**PROVIDED DATA:**
══════════

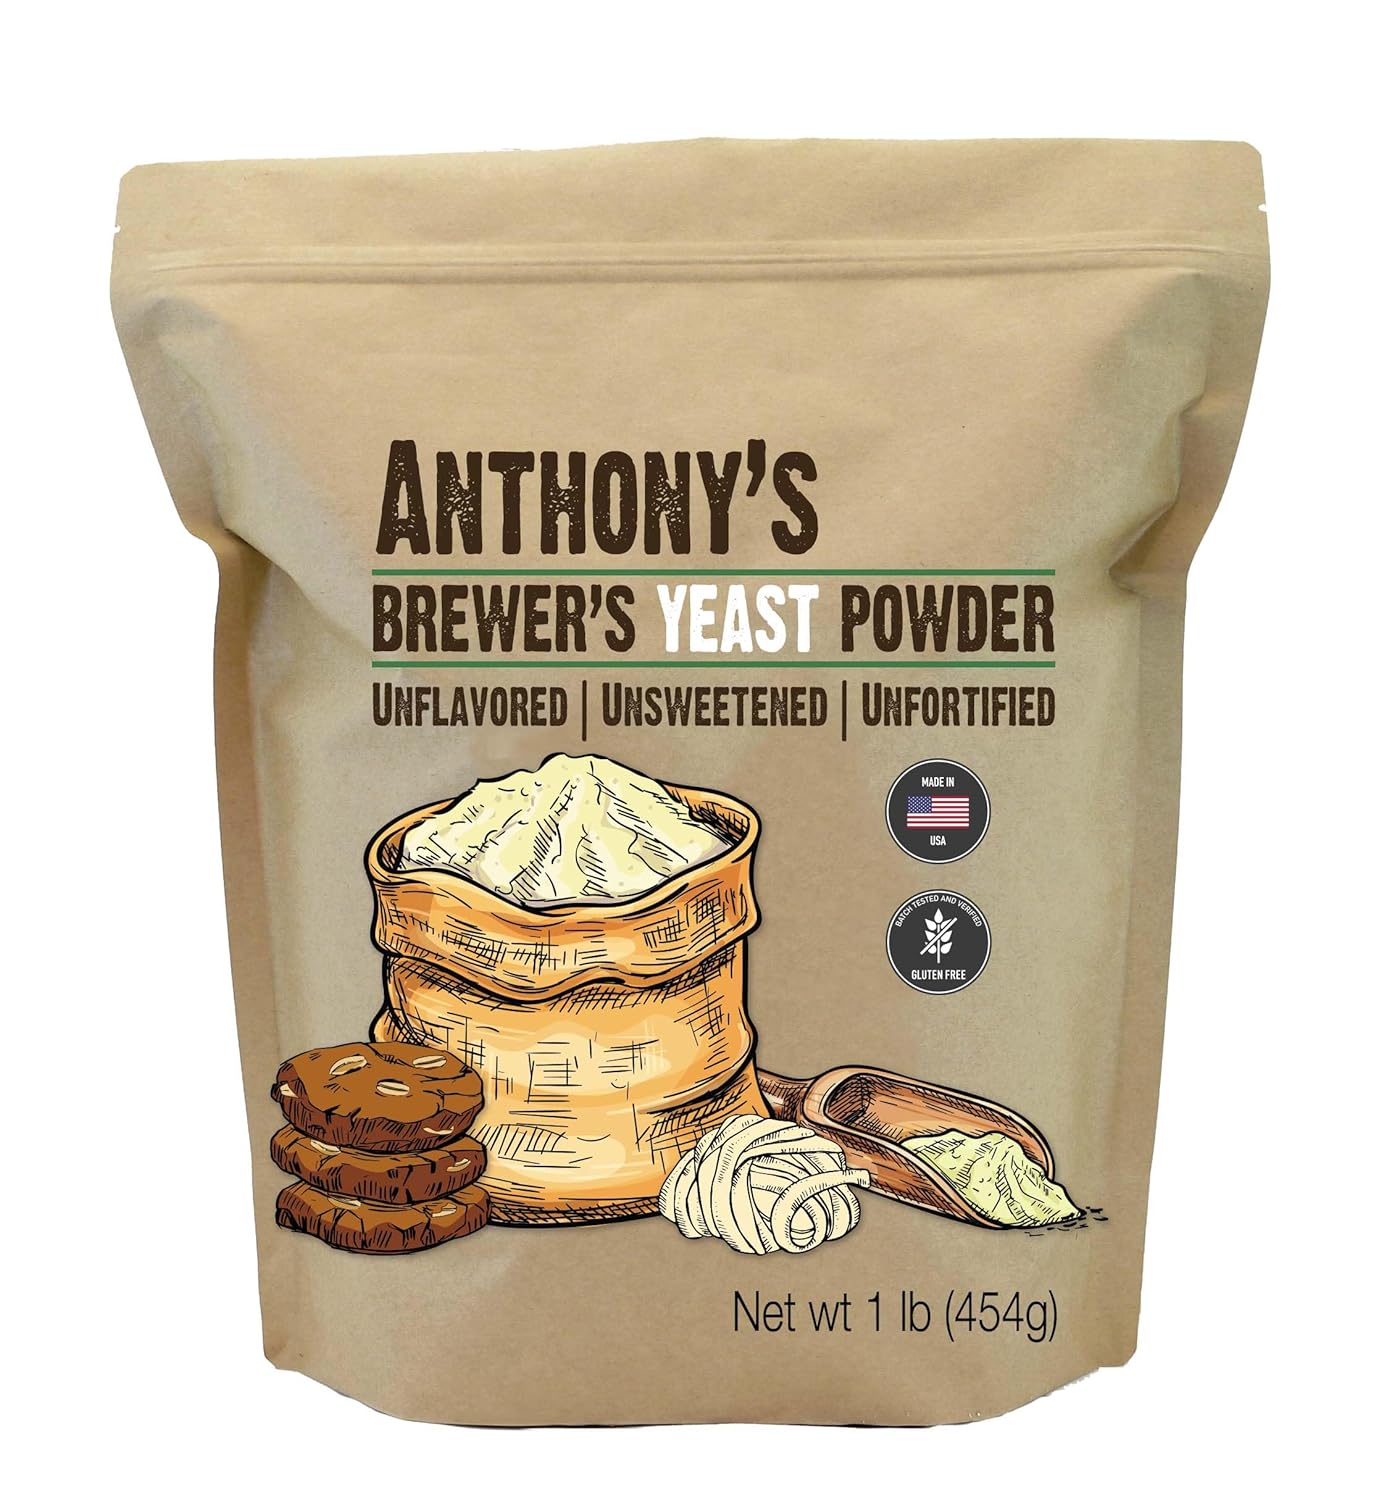 Anthony's Brewer's Yeast, 1 lb, Made in USA, Gluten Free, For Lactation Support, Unflavored, Unsweetened
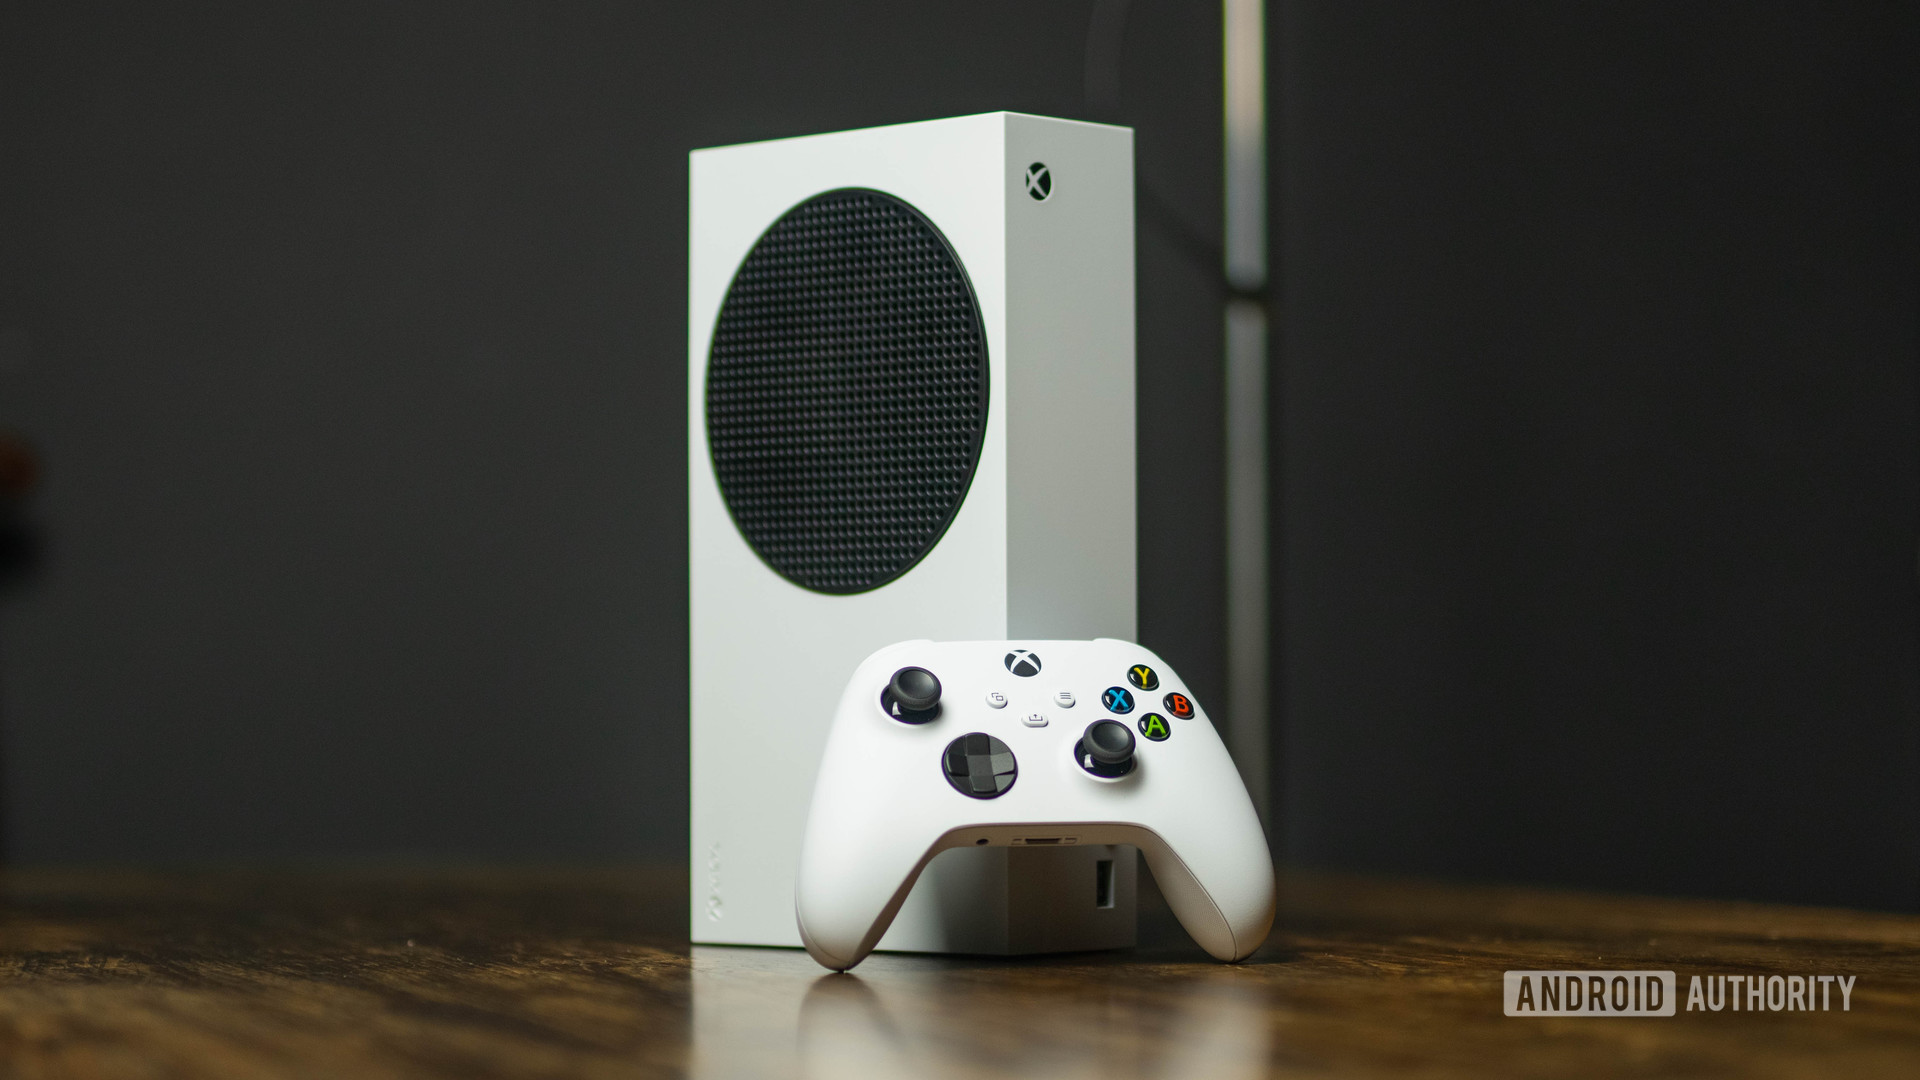 ophouden Storing koffer Xbox Series S review: Good things come in small packages
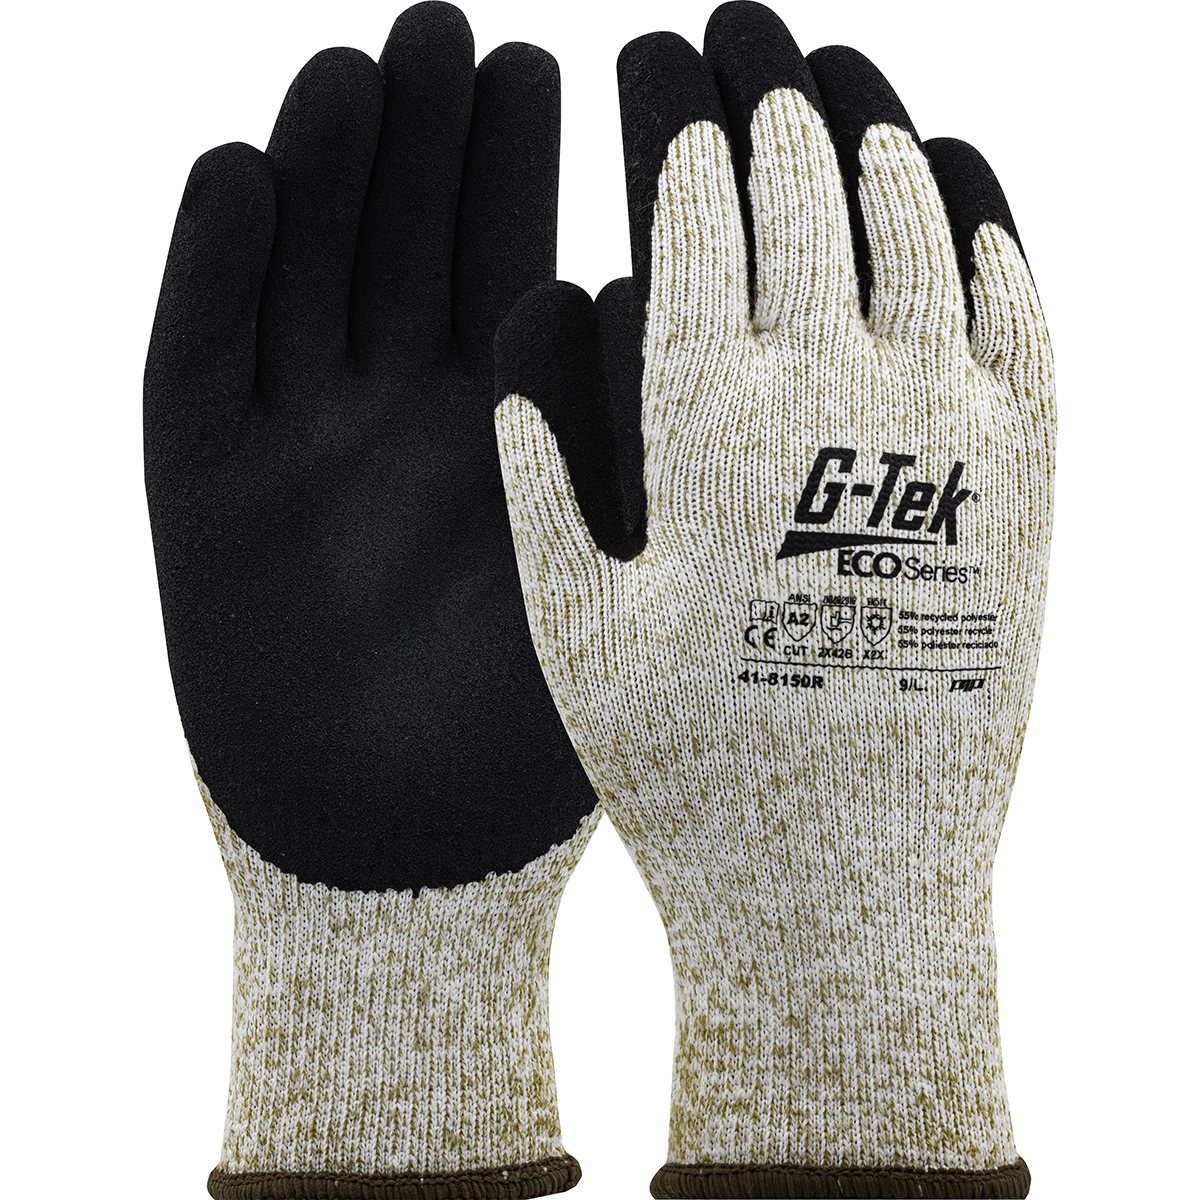 # 41 - 8150 r PIP®G-Tek®生态系列™Microsurface Latex Coated  Seamless Knit A2 Cut Resistant Work Safety Gloves

══════════

**ASSIGNMENT:** Pictures are to be left out, and each line from the one that contains "ophouden Storing koffer" through the end of the listing is to be copied exactly.

**REPLY TO THE EXERCISE:**
 ophouden Storing koffer Xbox Series S review: Good things come in small packages
 # 41 - 8150 r PIP®G-Tek®生态系列™Microsurface Latex Coated  Seamless Knit A2 Cut Resistant Work Safety Gloves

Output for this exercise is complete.